Start of RECORDED INFORMATION
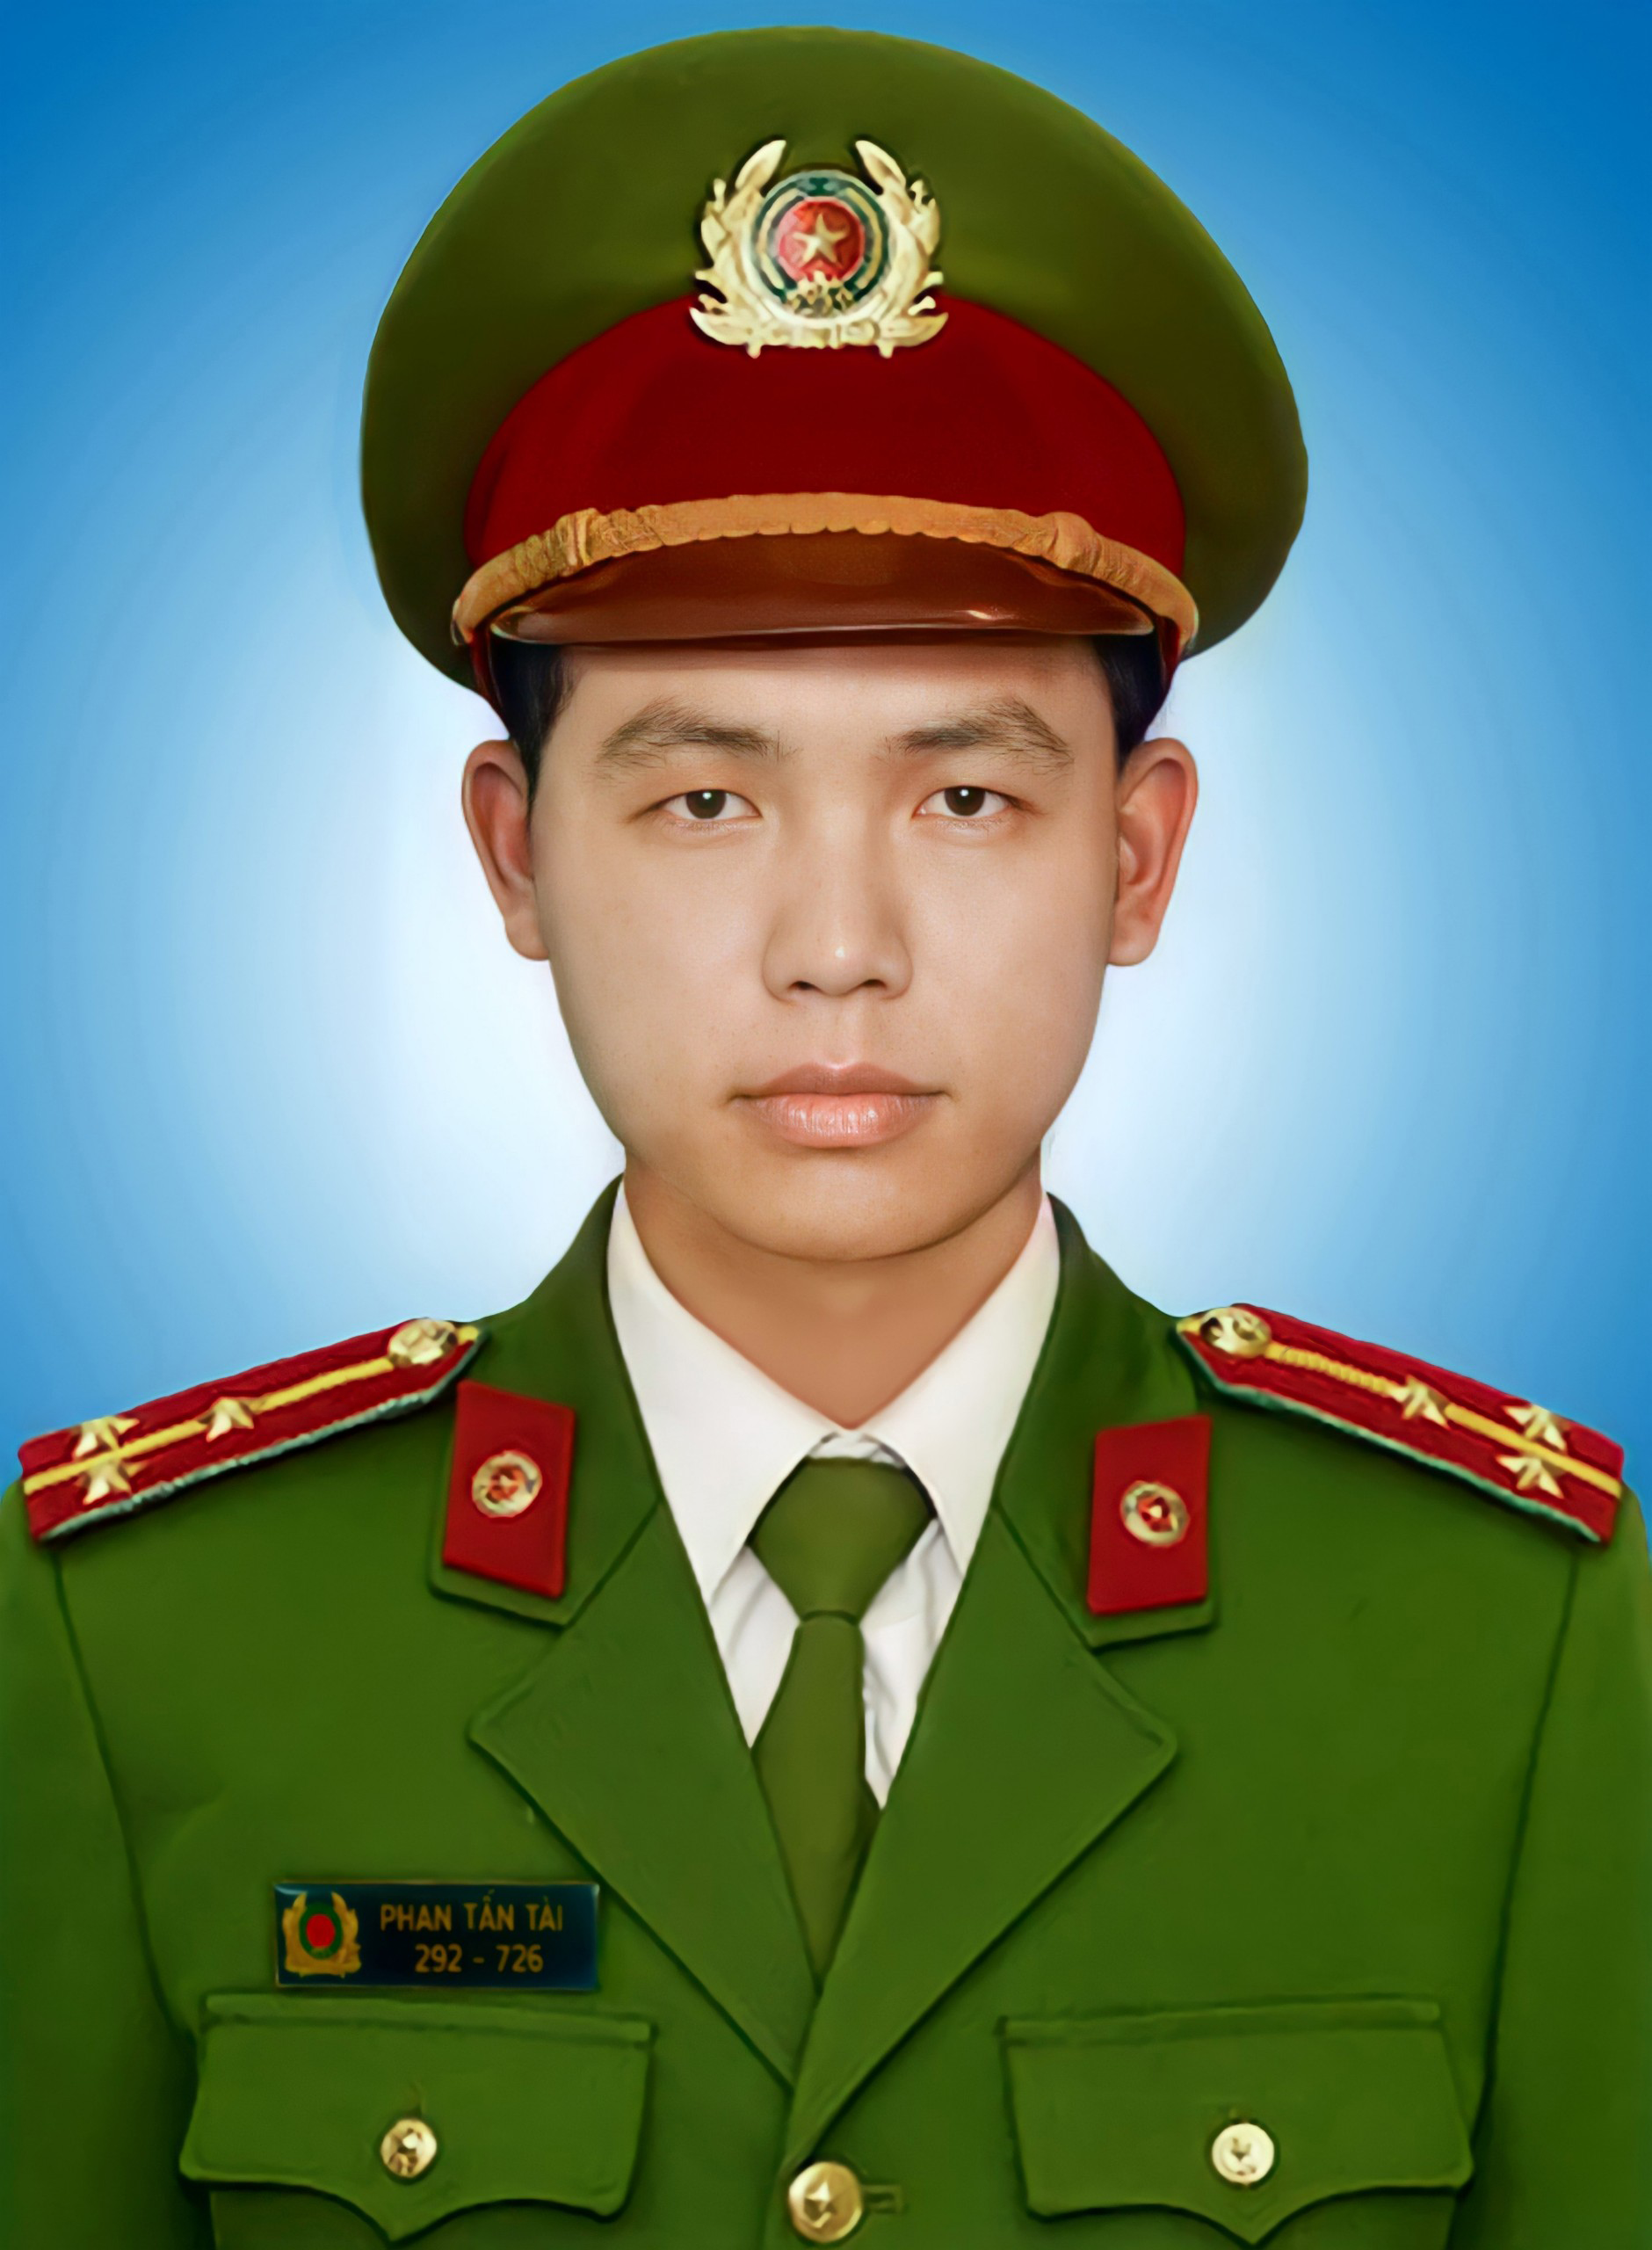 Chủ tịch nước tặng Huân chương Chiến công cho Đại úy Phan Tấn Tài - Ảnh 2.
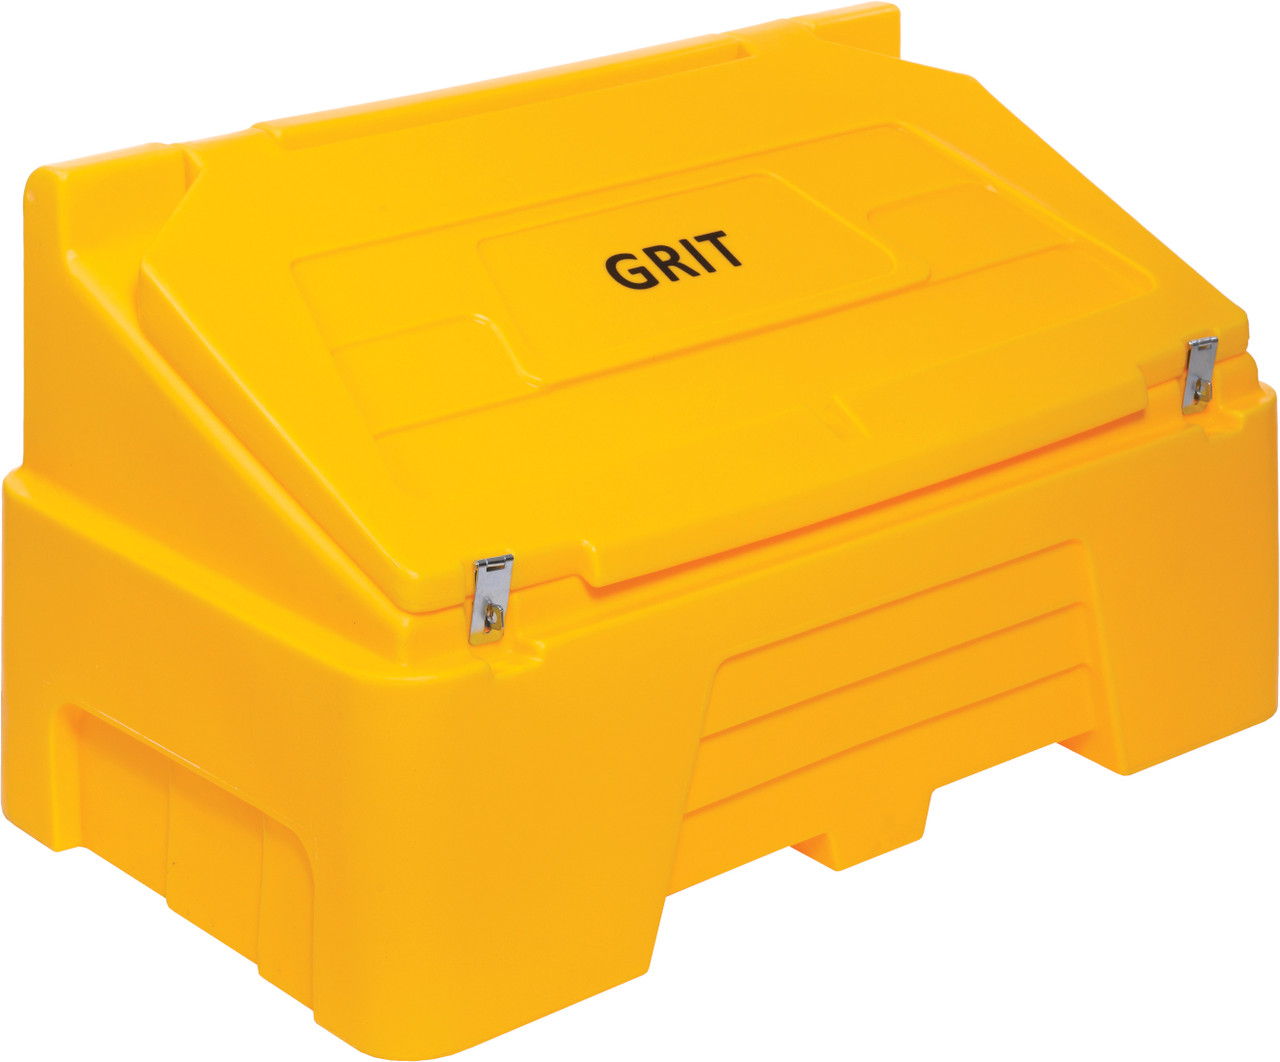 Grit Bin with Locking Option - 400 Ltr - Yellow - RW0002Y
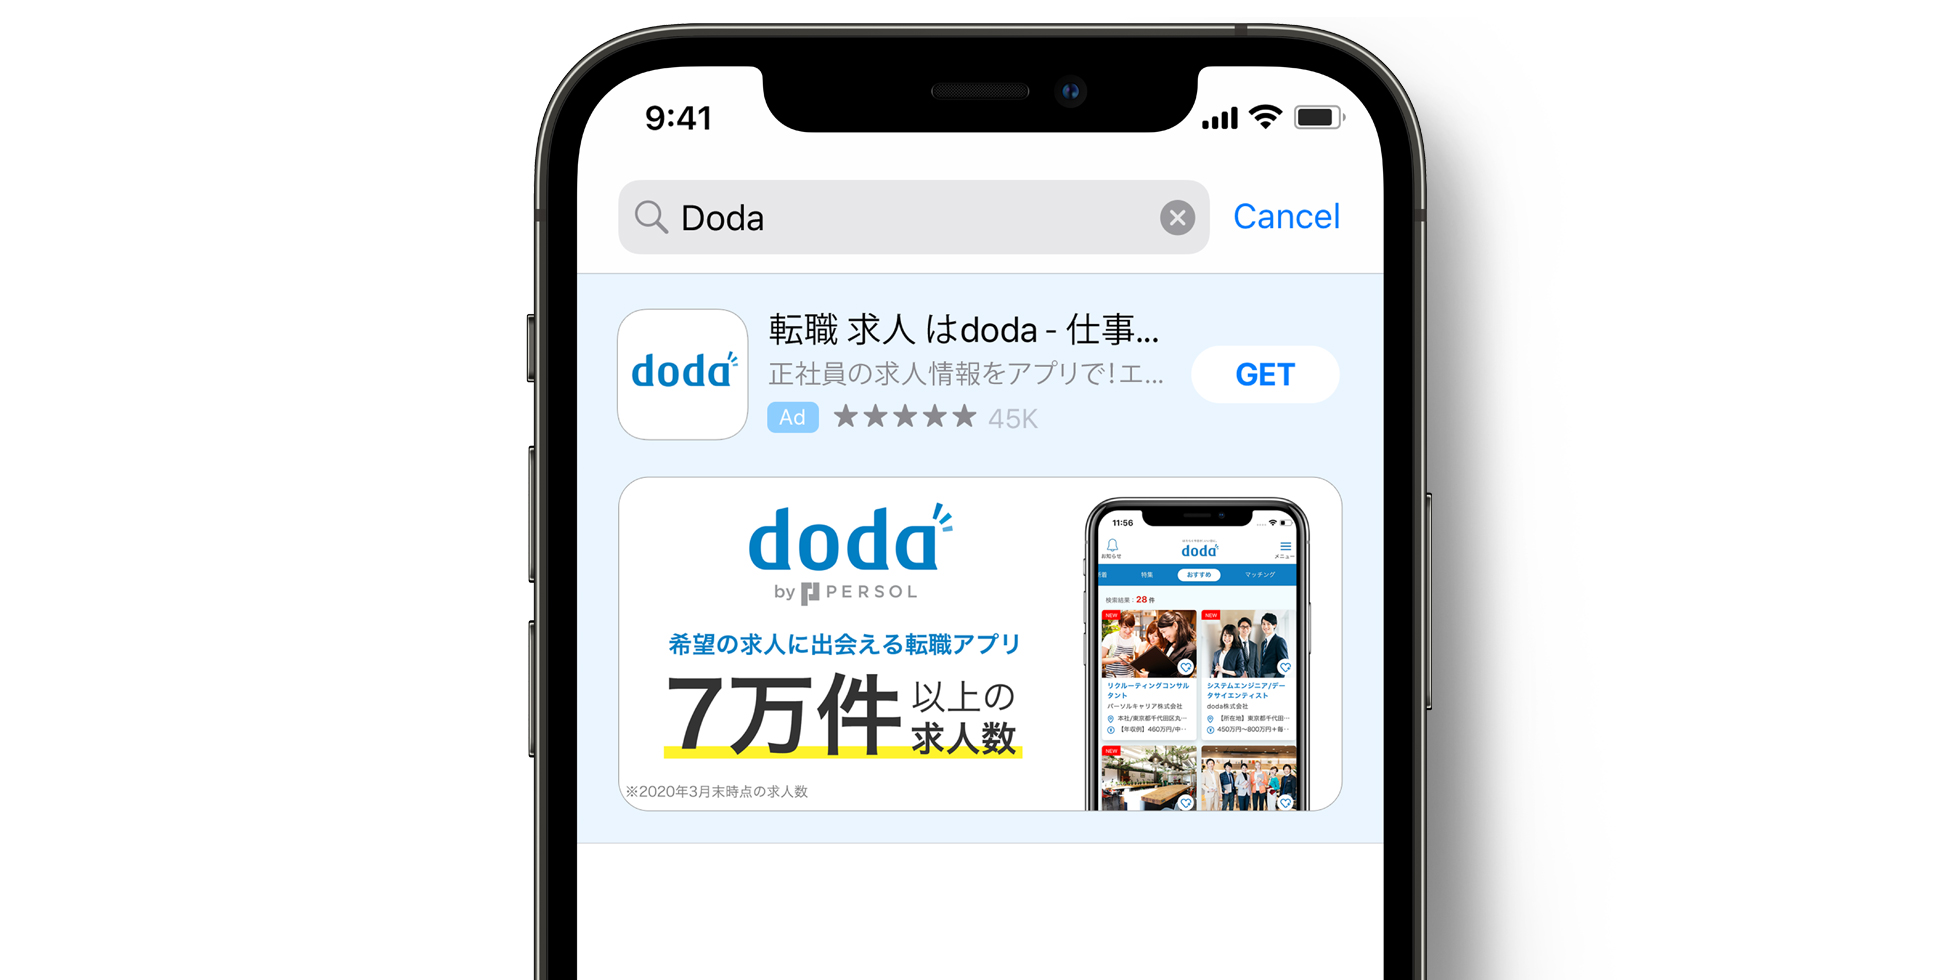 App Store 上的 doda 广告
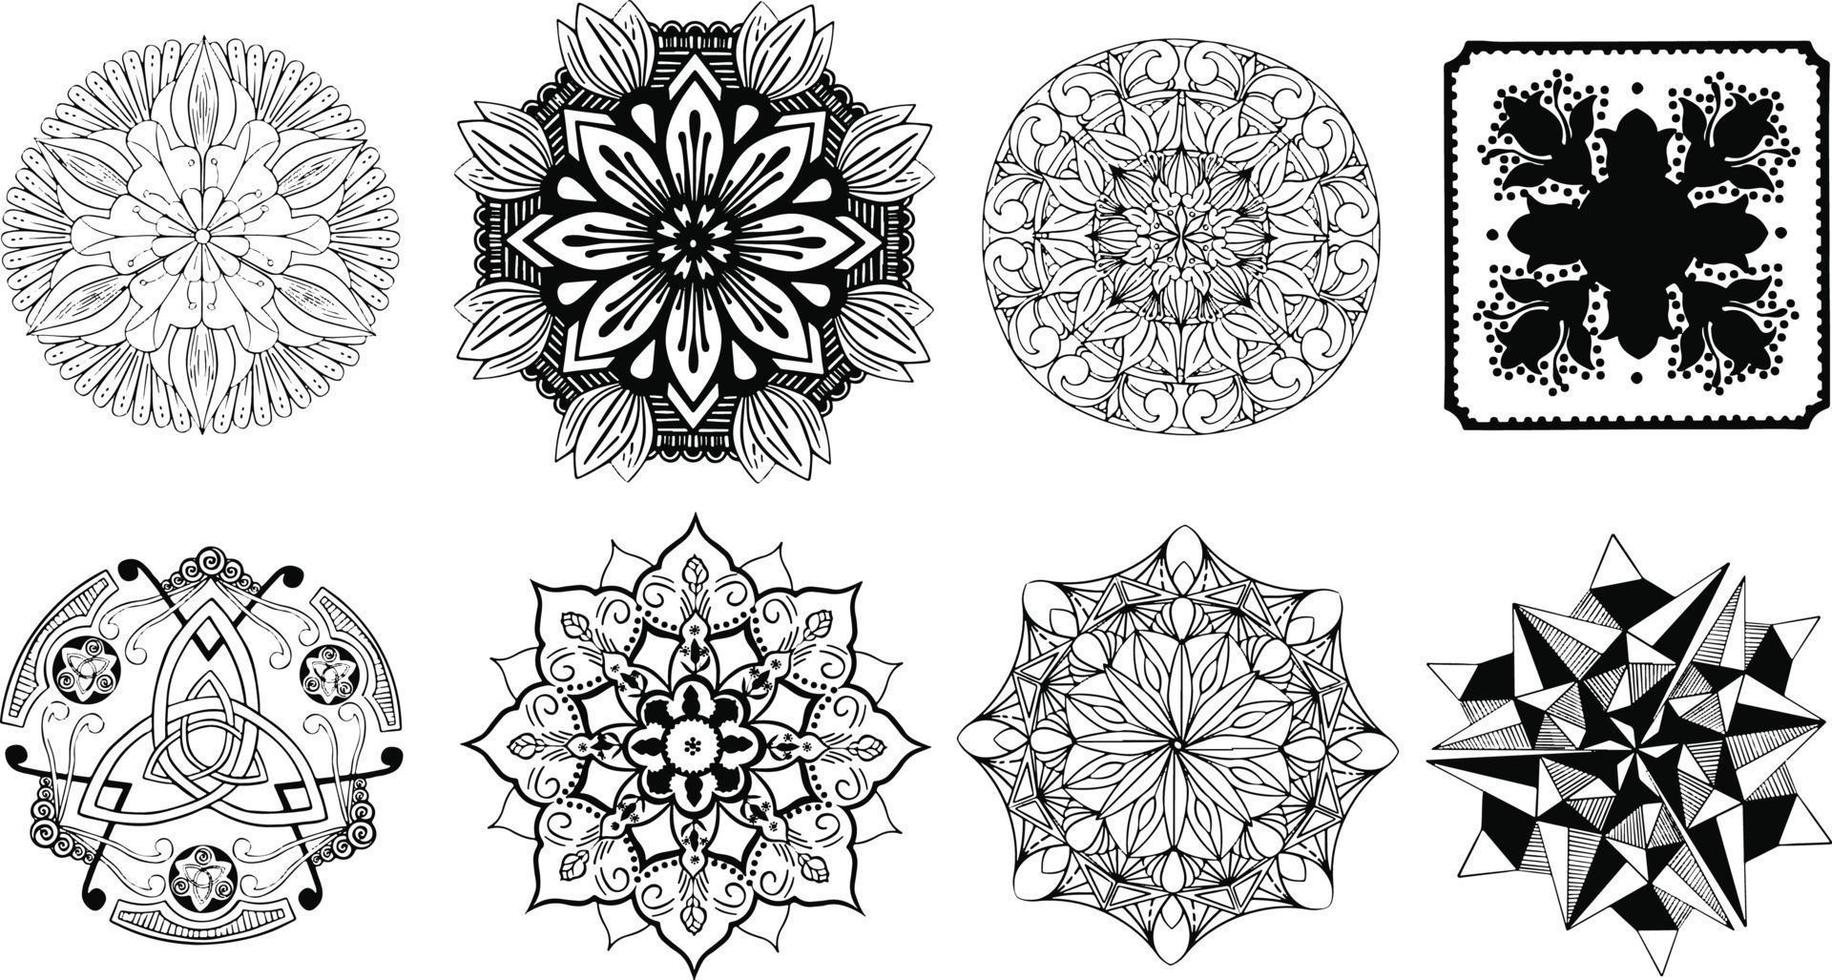 padrão circular em forma de mandala para henna, mehndi, tatuagem, decoração. ornamento decorativo em estilo étnico oriental. página do livro para colorir. . ilustração vetorial vetor
End of RECORDED INFORMATION
** TASK REQUIREMENTS **
Go through the data above and transcribe it in full, omitting any image.

** THE COMPLETED TASK **
 Chủ tịch nước tặng Huân chương Chiến công cho Đại úy Phan Tấn Tài - Ảnh 2.
 Grit Bin with Locking Option - 400 Ltr - Yellow - RW0002Y
 App Store 上的 doda 广告
 padrão circular em forma de mandala para henna, mehndi, tatuagem, decoração. ornamento decorativo em estilo étnico oriental. página do livro para colorir. . ilustração vetorial vetor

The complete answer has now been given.